I think the arc of the play will be in the Professor character. She will begin very academic and outside of all the feeling of the character, until through circumstances in her life, she will follow the path of Ophelia to some extent. I have the closing image already in my head, but I will save that for later...
The next step is to go through all of my character notes from the time I first played Ophelia. From here I will begin to find the bits I want to use, and see what information I am missing that I need to do more research on. Then the Professor will have the beginnings of her voice.

Saturday, May 29, 2010

How I Got Here

In graduate school I first approached the character of Ophelia in scene and monologue study. Until that point I hadn't thought much of her. A small role really, mainly composed of mad ramblings. But there is something about her that is more than that. Something that, upon second look, made me fascinated by her. Part of that fascination comes from the fascination of others. Plays about Ophelia, books derived from her name, countless paintings of her covered in flowers and sinking beneath the water...she has become greater than the sum number of words she actually speaks in the play.
When I was cast as Ophelia last year, I began by reading the play, and also by seeking out as much other material on her as I could find. There are many, many books on Hamlet, as you can imagine, and all of them take at least a nod at Ophelia. Many of the choices I ended up making about her arose from this reading, whether I tried a suggestion or rebelled against what I saw.
One thing that struck me was this: Ophelia in scholarship is not the same Ophelia as the one in the playing of Hamlet.

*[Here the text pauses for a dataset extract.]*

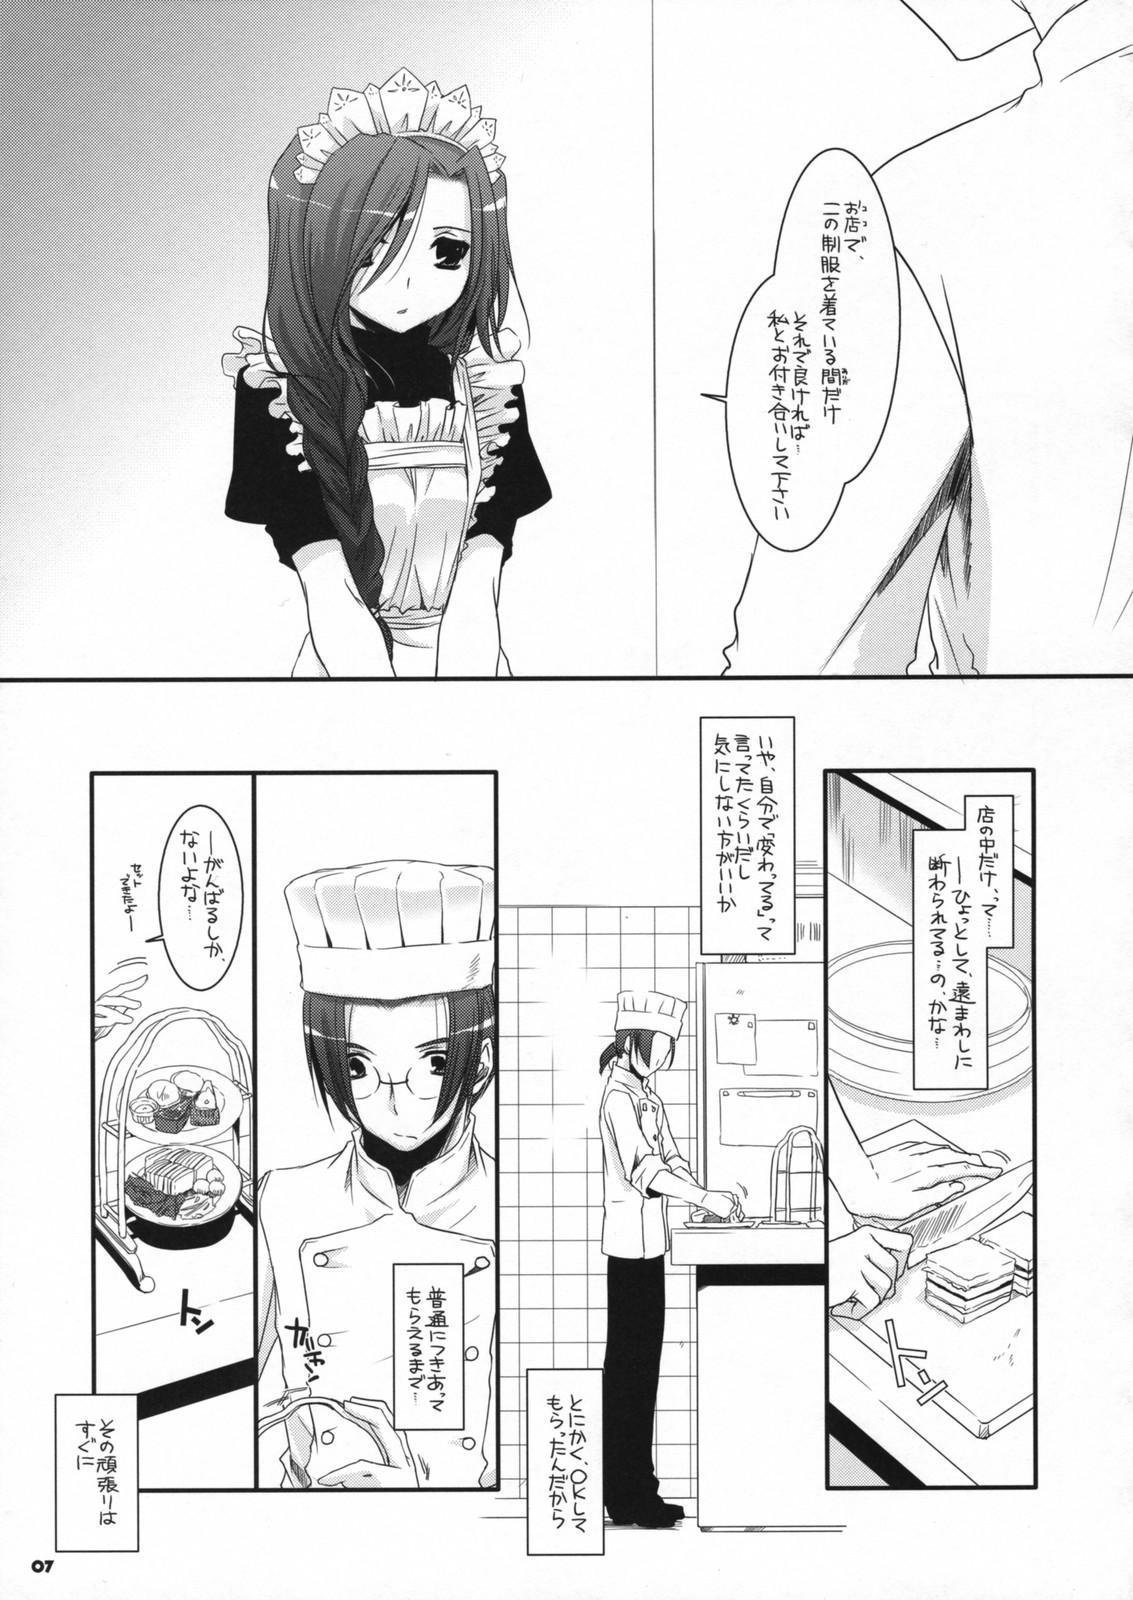 Seifuku Rakuen 21 - Costume Paradise 21 5

Although there are many brilliant ideas about her, I found that many of them deny the fact that Ophelia (and Hamlet for that matter) when played on stage are full, complete people in that world.
I have had the desire to write a performance piece on Ophelia for a long time. But as I tried writing I found that I was clearly stuck. I didn't want to write a one-hour lament, I didn't want to write a piece of her "looking back" on what happened to her, and I didn't want to attempt to recreate scenes from the play in the solo format. What became clear to me recently, as I looked over my notes from last summer-trying to find a clue as to how to begin, was that this discrepancy between Ophelia and all I had studied about her was the story I wanted to tell.
These posts will chronicle my process as I write this piece. I write this blog as an archive for myself, to help me discover, as the piece takes shape, how it is that I got there.